Today was a disappointing day at the mall. The halloween store was horrible. Overpriced and little selection. Spencers had some neat stuff but not what I was looking for and no Hot Topic in that mall. Hopefully I will find what I need elsewhere this week.

I do have my chain for the other arm! My LBD (little black dress) has a small silver chain belt and that will go great with the costume so another piece is ready to go. I need my barrier spray and arm warmers to be done with the parts. Putting together should be easy.

I did pick up the styrofoam for the halo disc that she is pictured with in her hands from time to time but I am not sure if it will be a part of this year's costume. It will be needed for next years definately. I may also go and get my nails done. French manicure with a rose nail sticker on the ring finger of both hands.

As for hair dye, I did pick up my blue manic panic hair dye there. it worked well except that I didn't realise that when it mixed with blonde hair I would get a greenish colour (blue and yellow, makes sense when you stop to think). But I will probably get the red hair colour at one of the local retailers, it's much cheaper that way.

edited to add: still need to make the choker as well. still I am making progress. I just wonder how many holes I will poke in my hands while trying to sew? 

Summer

I avoid Atrocity when I can,
but sometimes it seems as if
our paths are destined to cross.


----------



## SumrCFD (Oct 13, 2004)

Here is what I picked up:

Fishnet arm warmers from Hot Topic, $12.99. These go from the wrist to above the elbow, really nice. The open netting also allows me to run the props through and have them held in place. The lightweight chain does pull it down a bit. Anything I can use to keep it up in place without ruining the arm warmers?

I picked up a semi perm hair dye (L'Oreal) in Copper. It's quite a bit duller than what I wanted to use but should still look really good.

I tried the costume on, sans the face makeup and it looks great.

For the choker I picked up half of a yard (I have other plans and wanted extra) for about $2.50 from Wal-Mart. I also picked up two large metal rings for the middle of it for less than $2.00. It took me all of a couple of hours to put it all together. It fastens via velcro ($1.67?). I used the sticky velcro plus a fabric glue to hold it in place.

I forgot how unforgiving the dress is, it really hugs the curves. So many crunches and the exercise machine will get quite the workout.

The only thing I have left to find is barrier spray, which none of the halloween places had around here. I still need to get to Sally's and see if they have it.

I did stop in Spencers in NJ. Smaller mall but the Spencers was much better than the one near me in NC. The NJ one had working props and the costume/jewelry/makeup area was all organised and neat. Plus a load of jewelry. Saw some dragon stuff I would like to have, once I have some extra cash to spend.

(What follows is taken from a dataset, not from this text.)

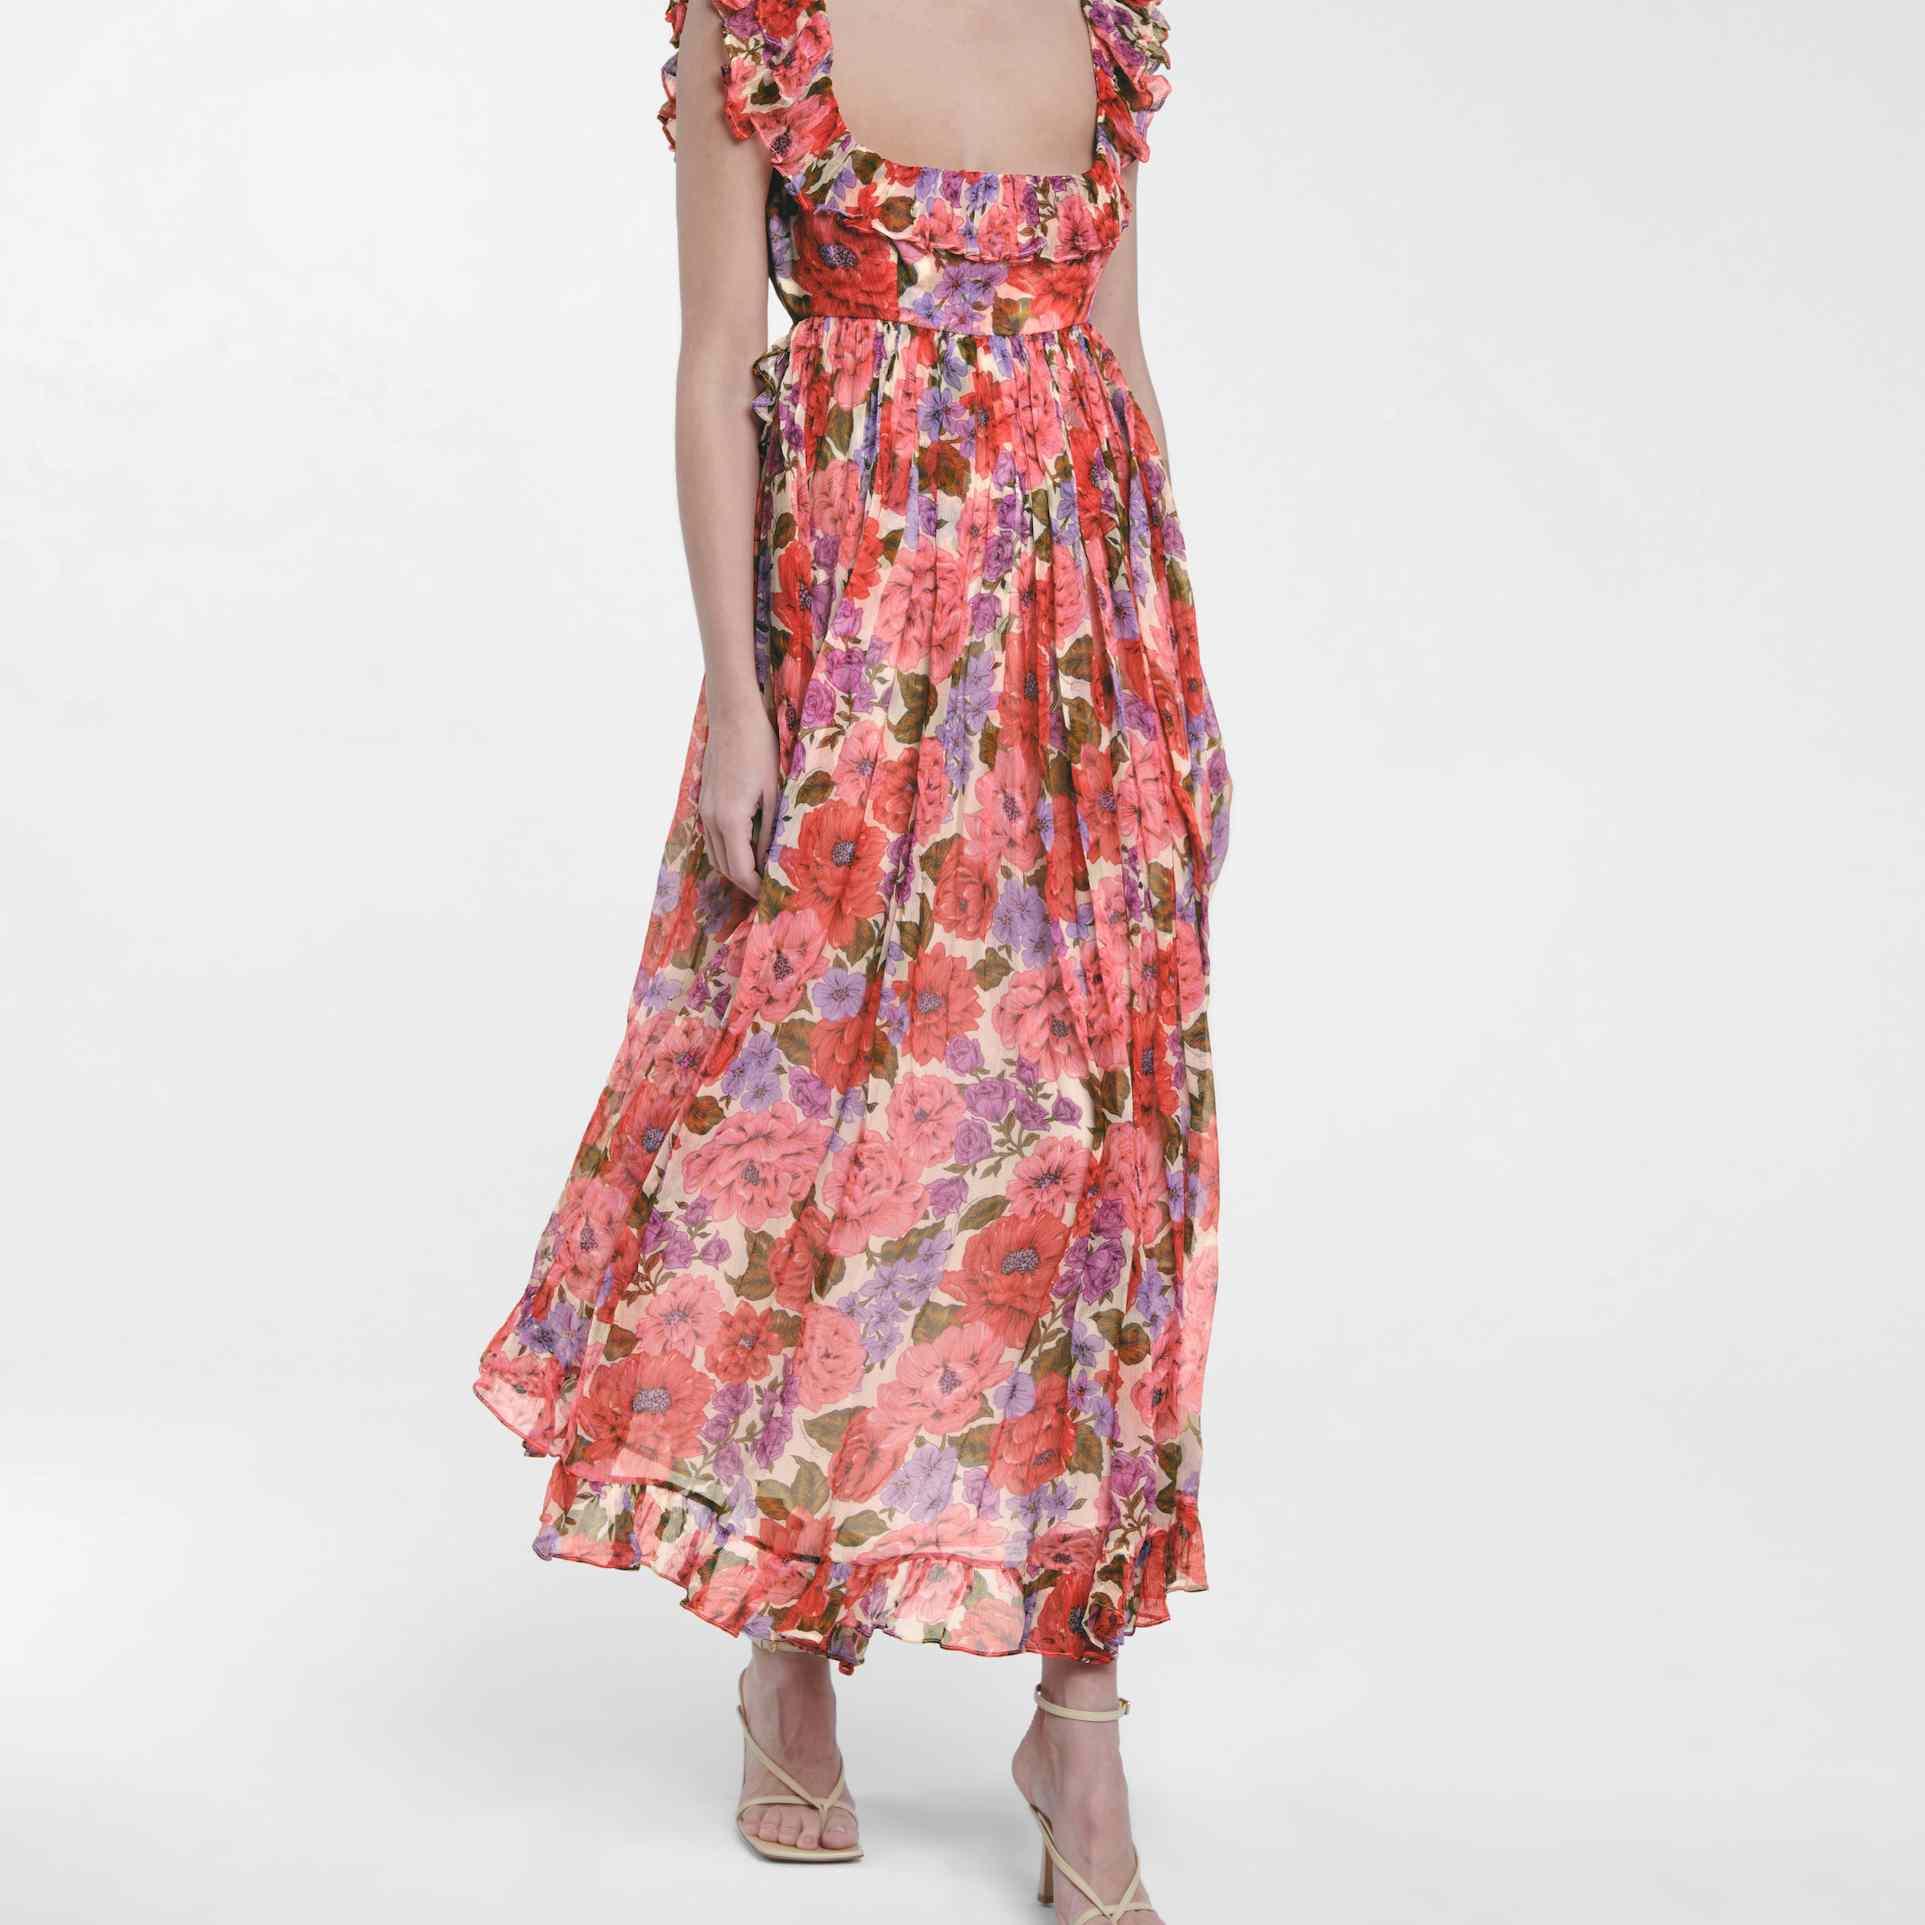 Zimmermann Poppy Floral Silk Midi Dress, $1,150

I avoid Atrocity when I can,
but sometimes it seems as if
our paths are destined to cross.


----------



## Annea (Aug 14, 2004)

Sounds like your costume is coming together well, if the copper colour for your hair isn't bright enough have you thought about those spary on colours, I've seen them in a bright red, although last year we used a purple spray on my daughters hair and it took 3 weeks to wash out [:0]

Those who feel they are touched by madness, sit down next to me.
Annea


----------



## wytchy (May 26, 2003)

wow, thats going to look AMAZING!  wow i wish i had put so much effort into my costume, you'll look totally great

- Wytchy


----------



## SumrCFD (Oct 13, 2004)

Thanks! I am now a redhead.  Even received a couple of compliments this AM, which is a good way to start the work week (took off on Monday). Although I am not going with the striking red hair usually associated with the character, I like the copper colour on me. I am afraid to go too red since my skin has red undertones.

I am surprised at how well the choker came out. I haven't messed with fabrics, sewing, or anything like it since my seventh grade home ec course.

As for spray on colour, I have had some problems in the past with that sort of stuff coming off and staining fabrics so I tried to stay away from it this year. Next year I might have to revisit that because I want silver and white throughout my hair and I haven't seen anything like it in a bottle this year. 

I have invested a small bit of cash (about what one would pay for one of the inexpensive costumes from some of the stores) and about 15 hours worth of time, including the shopping. If I didn't already have a dress, it would have doubled the costs easily (because I am picky about my dresses and it's tough finding nice ones that fit those of us on the tall end of the spectrum).

I found out yesterday that the club I want to hit is having their party on Friday so I won't have all day to prepare unless I call off from work.

I avoid Atrocity when I can,
but sometimes it seems as if
our paths are destined to cross.


----------